**ACTIVITY**
First find the line with "Ritratto chiuso dell'uomo" in the entries below, then set down exactly every line through the line with "Компания Pavlov.ua вошла", that line included.

**DATA SUPPLIED**
■ ■ ■ ■ ■ ■ ■

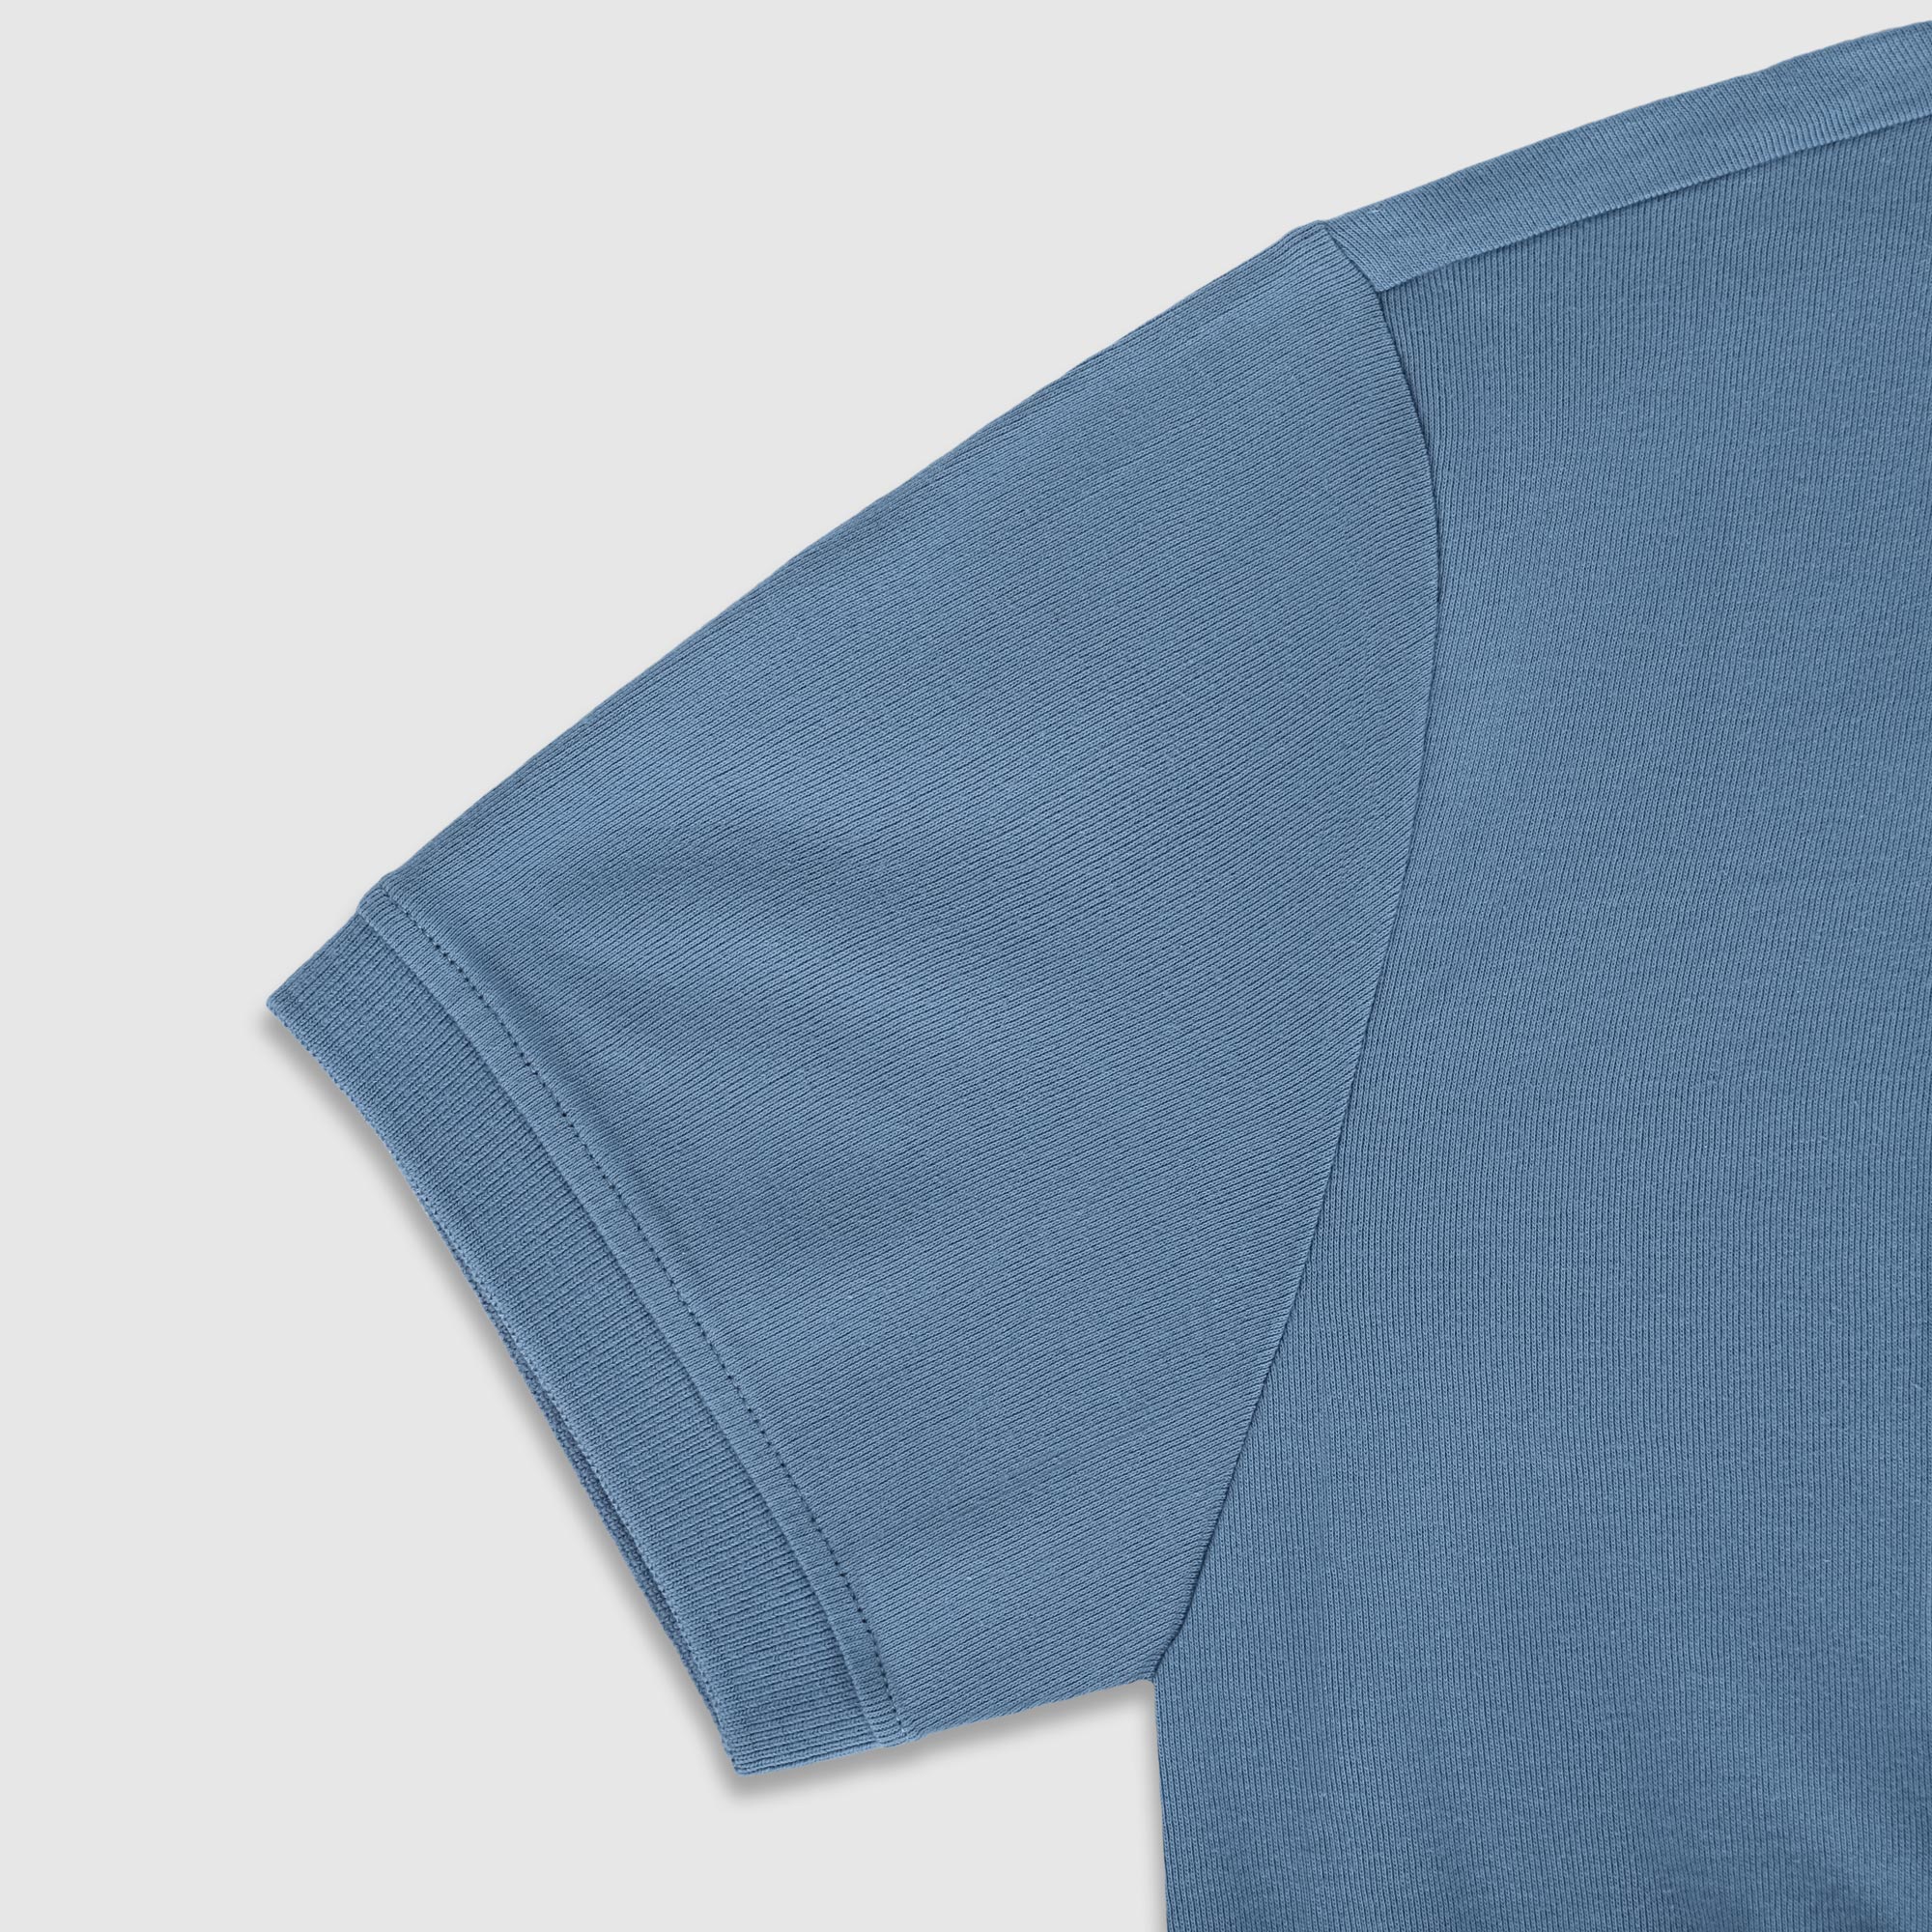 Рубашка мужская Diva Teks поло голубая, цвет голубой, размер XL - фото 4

■ ■ ■ ■ ■ ■ ■

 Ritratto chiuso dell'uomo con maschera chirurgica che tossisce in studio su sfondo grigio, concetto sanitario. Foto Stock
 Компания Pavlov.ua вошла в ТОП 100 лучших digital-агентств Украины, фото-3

■ ■ ■ ■ ■ ■ ■

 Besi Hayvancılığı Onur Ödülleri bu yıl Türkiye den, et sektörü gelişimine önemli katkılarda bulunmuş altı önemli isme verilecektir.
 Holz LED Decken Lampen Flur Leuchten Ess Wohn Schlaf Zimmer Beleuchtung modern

■ ■ ■ ■ ■ ■ ■

**RESPONSE AREA**
 Ritratto chiuso dell'uomo con maschera chirurgica che tossisce in studio su sfondo grigio, concetto sanitario. Foto Stock
 Компания Pavlov.ua вошла в ТОП 100 лучших digital-агентств Украины, фото-3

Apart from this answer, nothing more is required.